● Problem: Among the entries below, find the line with "[Translate to English:]" and the line with "Qurum International Private School". Return exactly those lines and every line between them, but no pictures.

● Data excerpts:
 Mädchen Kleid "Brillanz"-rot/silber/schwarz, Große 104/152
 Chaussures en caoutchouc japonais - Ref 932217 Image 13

* * *

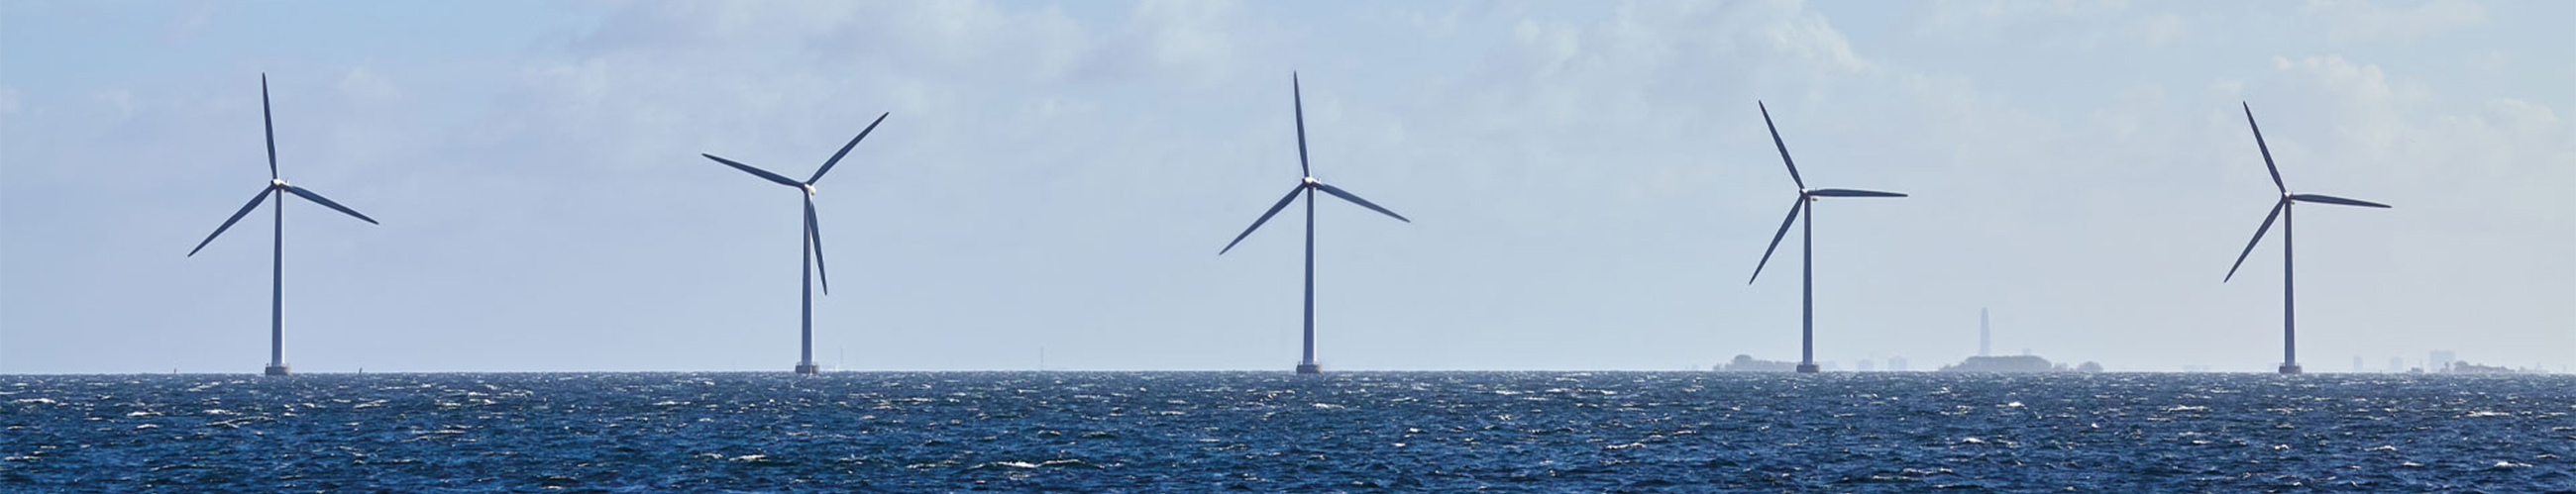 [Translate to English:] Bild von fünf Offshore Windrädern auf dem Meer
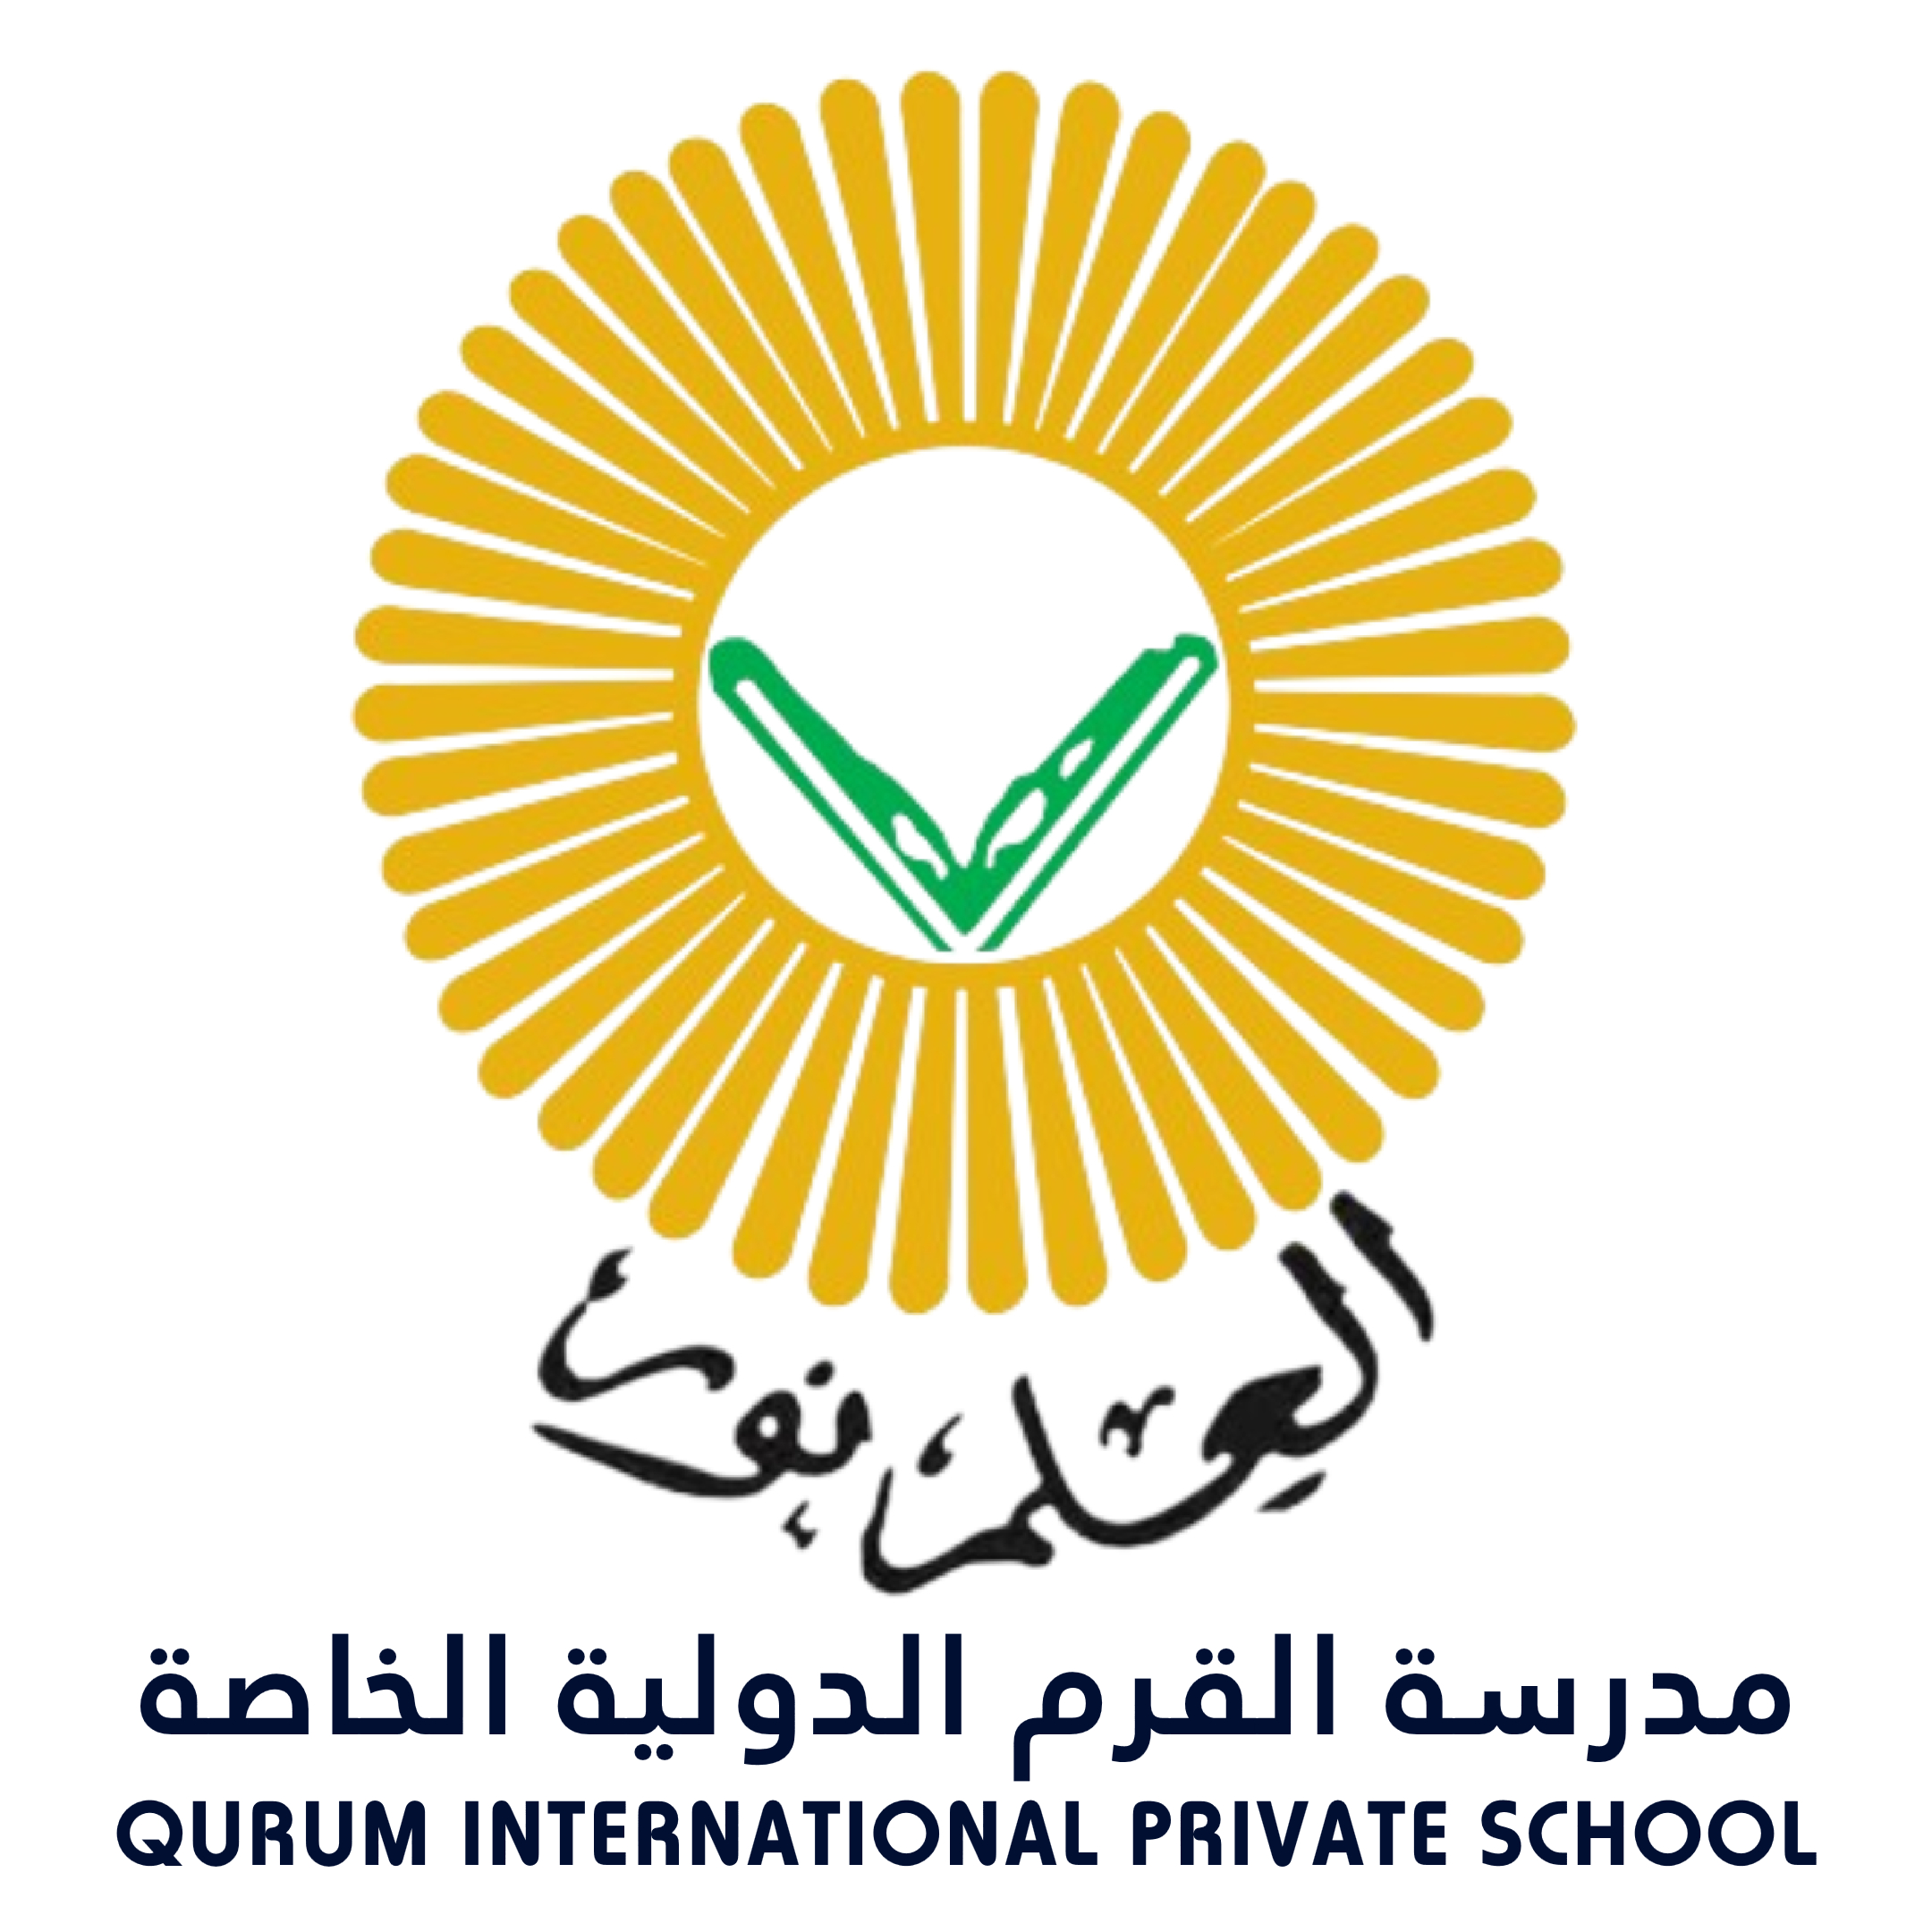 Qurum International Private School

● Expected output:
 [Translate to English:] Bild von fünf Offshore Windrädern auf dem Meer
 Qurum International Private School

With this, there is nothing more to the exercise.